I went to the kids' psychiatrist today--had an appt. for younger DS and older DS came along because it was take your kids to work day (and he wanted to come to work with me???? I was surprised. But we had fun-we worked hard because I had a lot of work to do--but I think it was good for him to see his Mom in action. At the end of the day he said-I see why you are so tired when you get home mom. Was this a normal day? I was honest and told him no, it was a pretty light day and he said you mean you have to work harder than you worked today???!!)

Anyway, the psychiatrist is frustrated with what is going on. We discussed the rapid brain shift that I have to do when the fight or flight response ends in older DS and he is back to being the loving son who is apologizing for all the awful things he has said. I guess that is why sometimes they say hugging kids like mine is like hugging a porcupine. But what is required and given is unconditional love.

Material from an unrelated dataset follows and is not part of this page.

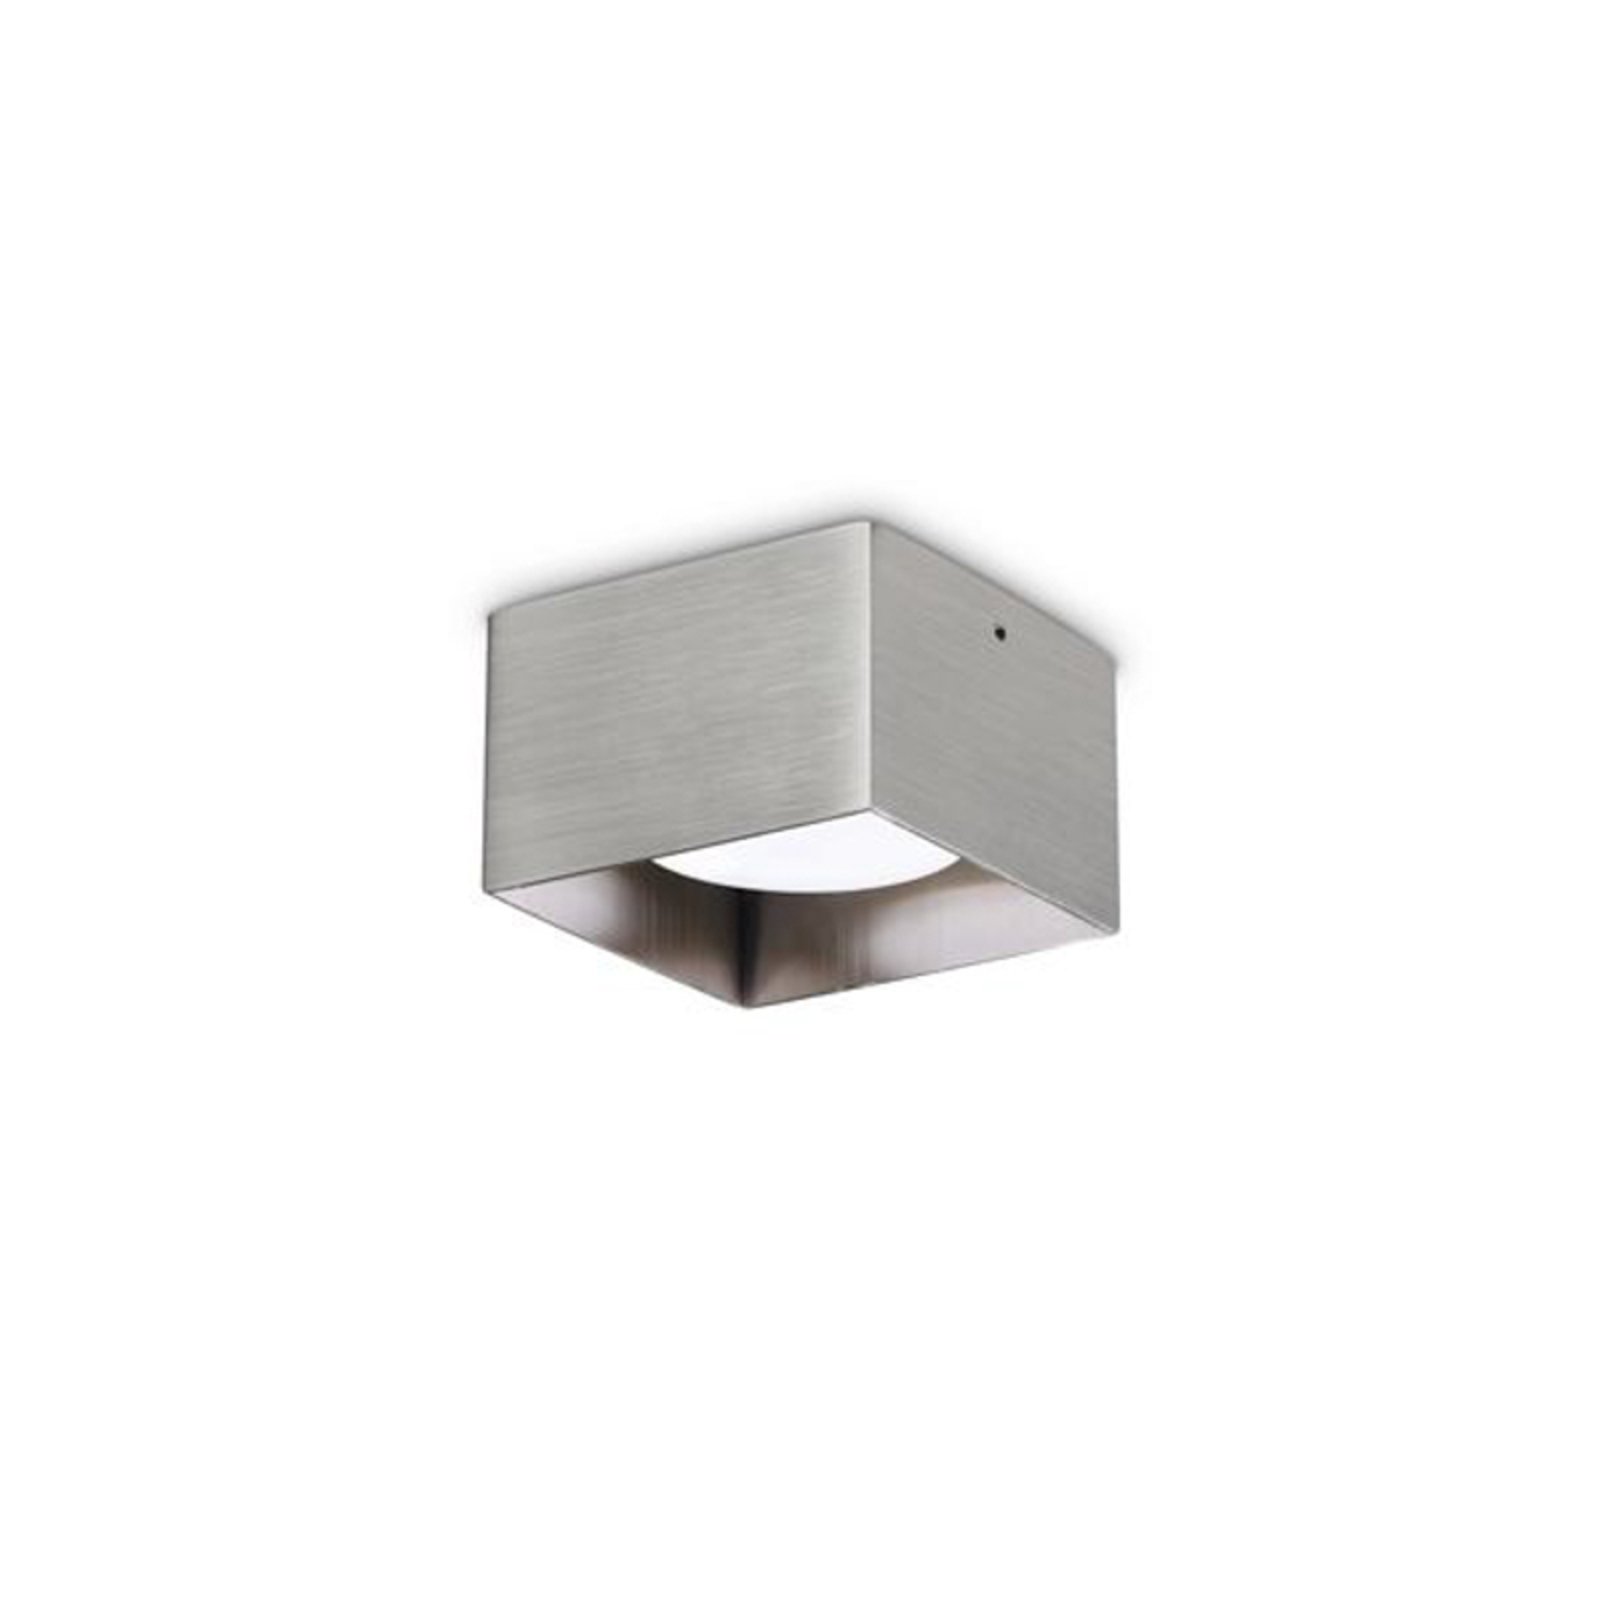 Ideal Lux downlight Spike Square, nickel-coloured, aluminium, 10x10cm

I "talked" to my other sister today and she helped me translate an email I wanted to send to xah. She helped me re-write an email to send to xah because now he is trying to have the kids stay with him during the day in the summers. I know what he is thinking--she cannot afford summer care and she will jump at this. Wrong! They need structure and stability. Something he is not offering at his house. The psychiatrist, I could tell, was having a difficult time and asked if I could get xah to attend a co-parenting class. I am doubtful, but will ask. Of course he will be Mr. Churchguy in class and revert back to himself outside of class so I am not even sure it is worth the effort.

catlover--I just wish older DS did not have to try out this "new reality" that should not even be present in his mind. But I know I have no control over what xah does and says. My sister said a little self-righteous indignation is called for at this point in time-dished out in a very diplomatic way.

Thanks again. It is time for me to start going to see my psychiatrist and therapist again AND to get back into my hoop once it finally stops raining. Made 6 of the most gorgeous hoops in 2 days. Even older DS was wowed when we got home today.